«Petit matin. Grande journée!» «Petit cartable. Grande école.» «Grande serviette. Petite tâche.»

D’une double page à l’autre, une journée à hauteur d’enfant s’écrit, péripétie après péripétie, cause avant effet, et à chaque étape ce jeu entre le «petit» et le «grand», entre le dérisoire et l’important, l’anodin et le remarquable…

L’enfant se réveille, arrive en classe, écrit, joue, mange, dort, retrouve sa maman. Géraldine Collet raconte cela sans verbe, à l’aide de deux adjectifs et deux noms, autrement dit avec une économie de moyens et un côté répétitif qui ne peuvent qu’enchanter les plus jeunes, ceci d’autant plus que l’illustration, elle, se permet des folies!

Coups de pinceaux ébouriffants

La douceur de l’aquarelle se fait éloquence, exubérance, pour mieux montrer l’imaginaire de l’enfant, son enthousiasme, sa fierté, ou simplement sa façon de considérer la vie.

Dans son monde à lui, il n’y a pas de petits événements, uniquement de grandes aventures, d’intenses émotions, que le duo d’artistes qui se fait appeler Kerascoët trace à coups de pinceaux tendrement ébouriffants.


«Petit Tom s’ennuie. Et Monsieur Emile qui lit au lieu de jouer avec lui! Heureusement, Petit Tom trouve un crayon, et se met à dessiner des boucles et des boucles; elles deviennent ressors, ailes, maisons, mais soudain Petit Tom appelle au secours, il est tout emmêlé!»

Balade onirique

A partir de là commencent de très douces pages sur la complicité entre Petit Tom et Monsieur Emile: ce dernier entre dans le jeu, démêle les fils avant de les tricoter et de continuer la balade onirique, poétique, entreprise par son petit compagnon.
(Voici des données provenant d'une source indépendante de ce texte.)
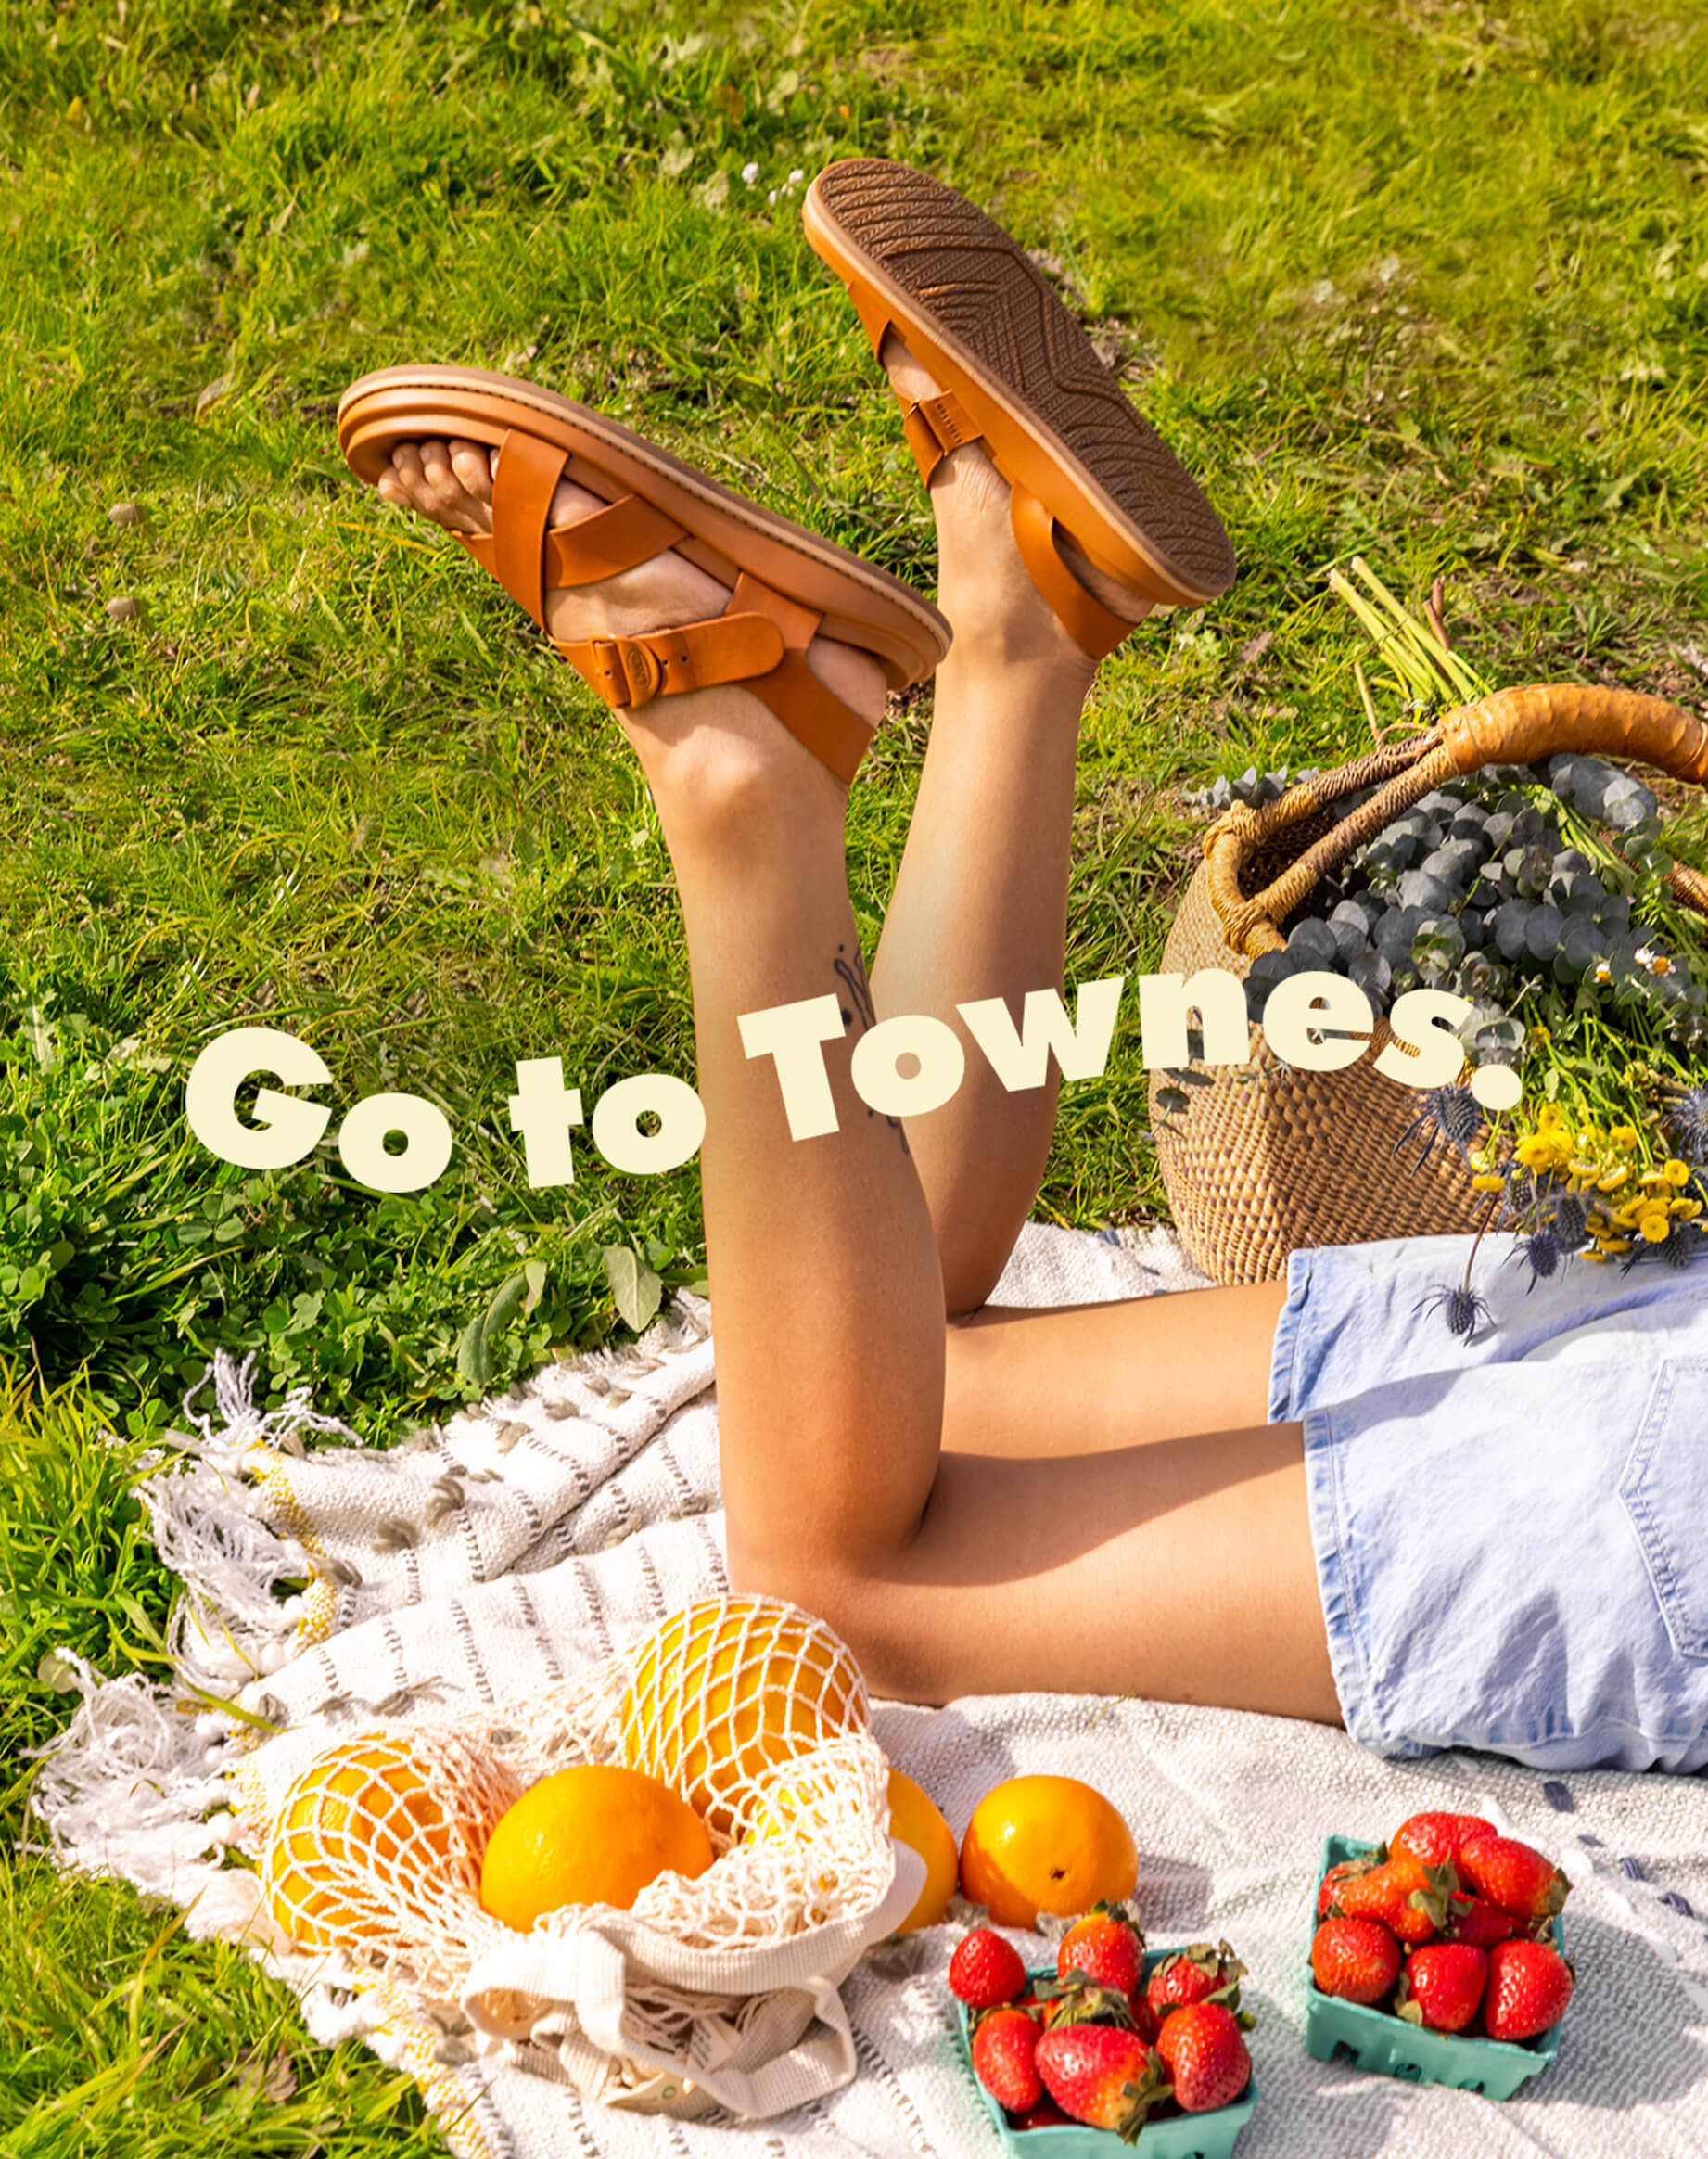 Person enjoying a picnic while wearing a pair of Townes sandals.

Ce qui est inventé est aussitôt rendu réel, et c’est sur le même registre totalement imaginaire que l’adulte répond à l’enfant, donnant une matérialité à ses élucubrations.

Très joli duo que ces deux-là, imaginés par Anne Isabelle Le Touzé: humains dans leur comportement mais d’apparence un peu incertaine, leur complicité est un éloge de l’inventivité. Mais aussi, mais surtout un hymne à l’univers enfantin, valorisé par un Monsieur Emile qui s’y trouve finalement comme un poisson dans l’eau.

Répétitifs juste ce qu’il faut, et minimalistes de même, textes et dessins enchantent le monde en le réinventant, en méconnaissant des frontières que les enfants eux-mêmes adorent ignorer.


Géraldine Collet, «Petit cartable. Grande journée», illustr. de Kerascoët, Albin Michel jeunesse. Dès 5 ans.

Anne Isabelle Le Touzé, «Monsieur Emile et Petit Tom», Pastel. Dès 4 ans.